> [ASSIGNMENT]: With the material below, print exactly the lines between the line holding "cartoon of a" and the line holding "New Re-Ment San-X", inclusive. Add nothing else.

> [THE RECORDS]:
——————

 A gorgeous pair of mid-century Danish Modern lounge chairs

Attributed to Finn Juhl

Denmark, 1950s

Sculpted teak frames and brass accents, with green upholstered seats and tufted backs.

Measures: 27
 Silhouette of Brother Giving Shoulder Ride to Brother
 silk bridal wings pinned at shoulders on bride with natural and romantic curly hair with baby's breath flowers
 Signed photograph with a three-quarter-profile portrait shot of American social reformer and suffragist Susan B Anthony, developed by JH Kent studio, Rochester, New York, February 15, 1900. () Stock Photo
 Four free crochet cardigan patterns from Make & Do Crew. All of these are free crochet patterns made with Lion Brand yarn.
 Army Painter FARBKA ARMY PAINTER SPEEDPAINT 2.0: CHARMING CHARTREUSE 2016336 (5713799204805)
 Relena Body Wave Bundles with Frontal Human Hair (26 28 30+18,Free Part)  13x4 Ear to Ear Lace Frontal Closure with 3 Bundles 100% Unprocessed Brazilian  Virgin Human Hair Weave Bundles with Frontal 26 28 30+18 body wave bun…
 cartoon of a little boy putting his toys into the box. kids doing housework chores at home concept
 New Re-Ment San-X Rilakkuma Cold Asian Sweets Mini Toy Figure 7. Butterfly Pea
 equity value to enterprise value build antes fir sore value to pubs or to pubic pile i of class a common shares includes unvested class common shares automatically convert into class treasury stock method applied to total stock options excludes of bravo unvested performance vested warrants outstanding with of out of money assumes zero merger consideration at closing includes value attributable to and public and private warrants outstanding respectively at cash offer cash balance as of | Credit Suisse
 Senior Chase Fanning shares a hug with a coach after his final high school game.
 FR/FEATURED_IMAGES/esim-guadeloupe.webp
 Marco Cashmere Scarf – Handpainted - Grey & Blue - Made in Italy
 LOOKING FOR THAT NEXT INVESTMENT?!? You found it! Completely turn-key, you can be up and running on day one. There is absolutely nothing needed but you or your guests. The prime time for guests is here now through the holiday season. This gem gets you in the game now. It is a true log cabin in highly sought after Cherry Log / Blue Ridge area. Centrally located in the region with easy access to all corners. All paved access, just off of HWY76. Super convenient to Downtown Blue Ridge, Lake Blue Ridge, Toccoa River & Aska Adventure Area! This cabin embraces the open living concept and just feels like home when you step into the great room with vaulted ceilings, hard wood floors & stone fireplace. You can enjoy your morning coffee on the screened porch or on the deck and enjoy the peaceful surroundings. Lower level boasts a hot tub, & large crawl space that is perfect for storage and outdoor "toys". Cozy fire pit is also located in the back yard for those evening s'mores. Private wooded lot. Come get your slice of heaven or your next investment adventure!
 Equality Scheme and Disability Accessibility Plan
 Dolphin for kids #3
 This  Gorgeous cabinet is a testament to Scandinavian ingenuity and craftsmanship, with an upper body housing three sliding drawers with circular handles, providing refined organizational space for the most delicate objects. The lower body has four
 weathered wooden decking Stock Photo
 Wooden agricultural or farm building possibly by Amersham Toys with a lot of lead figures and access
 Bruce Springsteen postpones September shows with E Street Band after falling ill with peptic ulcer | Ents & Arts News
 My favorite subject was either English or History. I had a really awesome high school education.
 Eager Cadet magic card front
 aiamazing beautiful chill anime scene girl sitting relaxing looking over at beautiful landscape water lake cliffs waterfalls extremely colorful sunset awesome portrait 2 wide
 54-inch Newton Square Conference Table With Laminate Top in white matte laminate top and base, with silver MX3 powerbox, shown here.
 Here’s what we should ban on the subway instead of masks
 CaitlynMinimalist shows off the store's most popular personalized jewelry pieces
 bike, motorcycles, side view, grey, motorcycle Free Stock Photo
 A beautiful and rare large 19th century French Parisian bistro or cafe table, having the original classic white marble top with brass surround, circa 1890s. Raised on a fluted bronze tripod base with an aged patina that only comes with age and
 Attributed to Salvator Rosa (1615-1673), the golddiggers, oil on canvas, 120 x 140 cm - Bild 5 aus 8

——————

> [ANSWER]:
 cartoon of a little boy putting his toys into the box. kids doing housework chores at home concept
 New Re-Ment San-X Rilakkuma Cold Asian Sweets Mini Toy Figure 7. Butterfly Pea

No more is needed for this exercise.